The possibility of sub-projects is something that's really exciting to me. For instance, while I'm working a little bit on the MIDI thing, I'm not really going to use that myself, so I'm not really going to know much about how it needs improving. I've tried to get the firmware into a nice shape such that the system works (like this):

Read the fretboard -> Interpret the fingerings on the fretboard -> Assign controller buttons based on fingerings -> Send controller data to the system

So any of those steps (are) pretty discrete and replaceable, and I hope my code is clean enough to make modification not too much of a pain.

My hope is that the any hardware forks stay pretty cross-compatible, though, since like I mentioned before, a big thing I hope is that people make cool things and share them with the community, so when you make your guitar better, everyone's guitar gets better, since everyone's hardware is mostly the same.

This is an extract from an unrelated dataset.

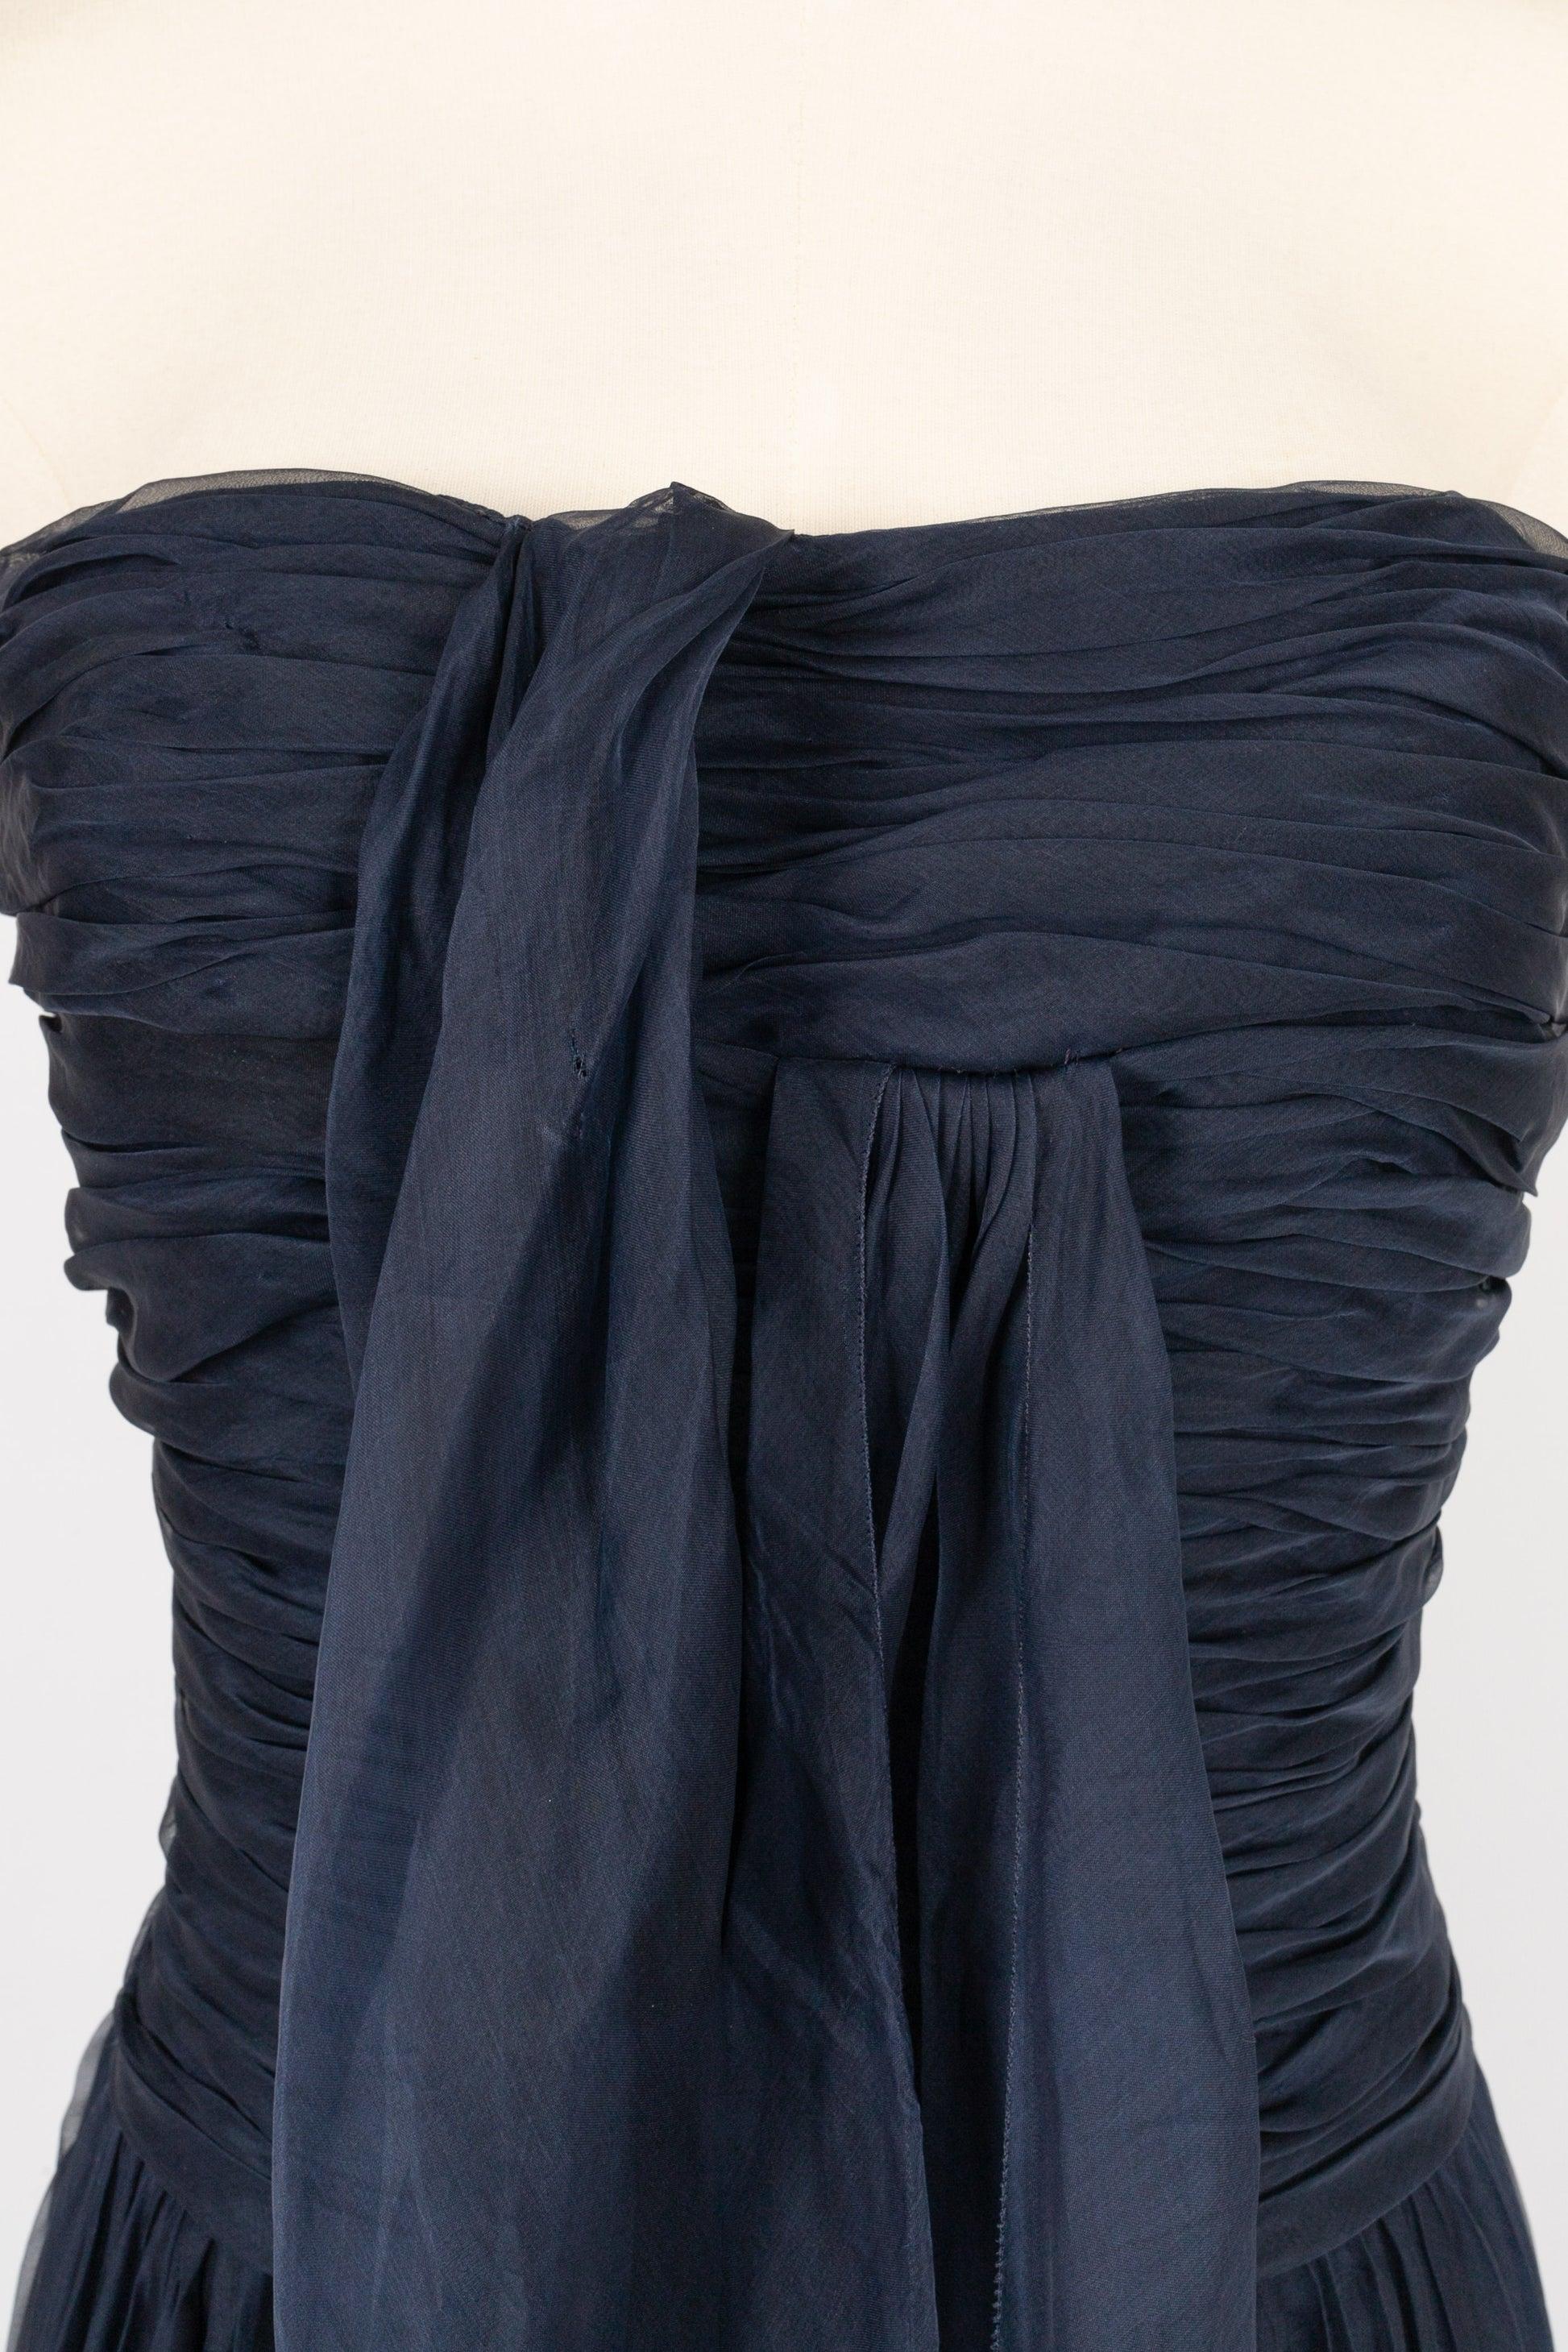 Chanel Long Bustier Dress in Navy Blue Pleated Silk Taffeta For Sale 1

Like the MIDI guitar - It would be awesome if you just do a firmware update to turn your game controller into a MIDI guitar, rather than having to go out and get a new kit for your guitar just to add MIDI functionality to it.

That said, I'm not an engineer by training, so if anyone has improvements for the board, I'd love to hear them!

What do you see happening to the project in a year? Five years?
I mean, it's hard to predict next month, let alone a year or 5. But to start with, five years from now, I don't expect Guitar Hero or Rock Band to be around to nearly the extent it is now. Certainly, the market for controllers has already started to drop, which has a direct implication for, so I think that OpenChord will be probably winding down as a project, in terms of the guitar game controller space.

Still, I don't think that's a bad thing. In 5 years, I hope I'll have moved on to some other projects, and hopefully by that point, there will be a community of people doing cool stuff with the technology that I can't even begin to imagine. Maybe there will be some space to expand the technology into more dedicated guitar-teaching stuff, or something else will have come up that will mean there's still meaningful things to develop and market. I hope it's not the case that we've started to expand OpenChord into a line of guitar straps, gig bags, and stage makeup. I don't want to be always trying to make quarterly growth - things end. I get that.

A year, that's a lot harder. There are some excellent competing products that are coming out in the next year; some of which look really awesome. OpenChord might wind up competing directly in that space, staying with the kits, working out some sort of licensing/buyout opportunity, or something completely different; it's hard to tell. Right now, I'm looking at FCC licensing, which is going to allow us to move from selling just a kit to selling assembled products, so it's definitely moving in a more consumer-goods oriented direction. Still, it'll be an interesting year, and I hope that it will be the start of people taking what I've started and really making interesting things out of it.

One thing I do know about this coming year, though - OpenChord's going to be at Make Magazine's Maker Faire coming up May 22nd-23rd, and I just bought a violin to adapt into a controller, so that should be a good time - if you're around, come check us out!


Thanks to Alan for donating his time to answer these questions. Please feel free to leave comments here if you happened to be at PAX East and got a chance to catch the OpenChord guys in action. Also, if you have any suggestions for Alan and his team or of similar projects, feel free to leave a note!

Travis Kepley is a Senior Instructor at Red Hat where he helps employees, partners and customers understand how Open Source Software can create a better IT and business infrastructure. Travis started at Red Hat in January of 2008 as a Technical Support Engineer before becoming a Solutions Architect prior to moving to his current role.


This is eerily similar to a Harvard Business Review case study, including the company name. Any relationship?

I haven't seen it and a cursory search of google didn't turn up much. But it might be. :) I'll see if I can get word from Alan regarding that.